Your new memoir opens with a scene where you're playing a show somewhere and you write, I love a stranger and a new city. I want to know their stories. What is it that draws you to people you don't know? I just think they're really surprising. And I think you can find something in common with pretty much anyone. And I think there's something attractive about every person, too. I mean, there are exceptions, but...
You know, for the most part, most people have something attractive about them. And interesting. Can you tell me how you attempt to perhaps find that kind of common ground with someone who might seem very dissimilar to you? Well, it has to be natural. You can't just bust up to someone and be like, tell me about your childhood. I mean, you could, but... Do you eat Funyuns? You know, you can't... I mean, you can, I guess. Right.

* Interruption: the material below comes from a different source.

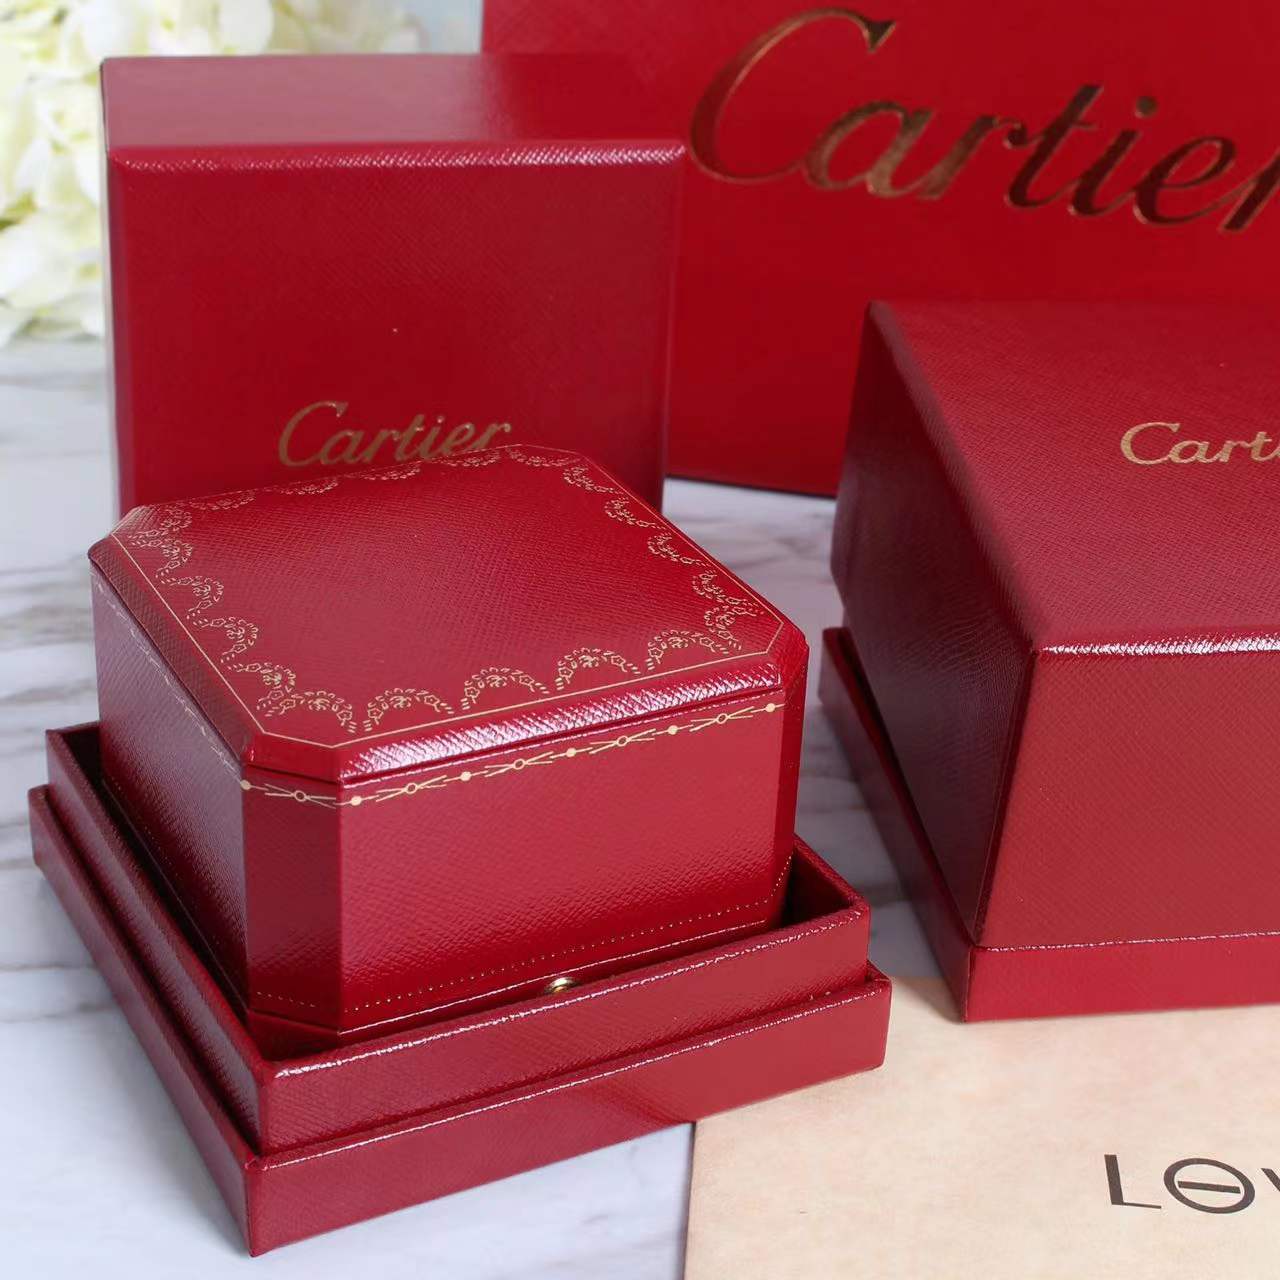 1:1 Cartier necklace box 1 set

But one of the main ways to get people to talk is if you ask them what's good to eat in their city and people get really excited to tell you about stuff like that. Right, right. Or like, where do you go to buy your records if you want to buy from a local person? I do feel like living in this kind of unguarded way, attempting to connect with strangers is quite rare for someone who has a public career like yours. Does it strike you that way? Yeah.
I'm not really that recognizable. You think so? I have a very cubist face and I wear my hair up a lot and I look like a totally different person. No way. Yeah. And I don't know, I get away with it, which is fine. I mean, I'm not like super famous or anything anyway. People don't know it's me unless they just saw me on stage, I think. Do you like that? I do. Because...
Because you can go to the grocery store and, you know.
Can you just give me a sort of sketch of what life was like for you growing up? Oh, I mean, if it was a school year, I'd live with my dad. He was a very quiet person, also a drug addict, very depressed. He wasn't awful or mean or anything. He just wasn't really there. And I could not get his attention. You know, we were really poor and we lived in kind of a crappy house that was kind of wet. And often there just wasn't anything to eat. So what I would do is I would just kind of sit around and
turn on the space heater and sit in front of the TV and watch like Gilligan's Island, which I fucking hated. I didn't have anything else to do. You also mentioned in your memoir that you spend, you know, most of the time, the school year at your dad's and then you also spend summers at your mom's.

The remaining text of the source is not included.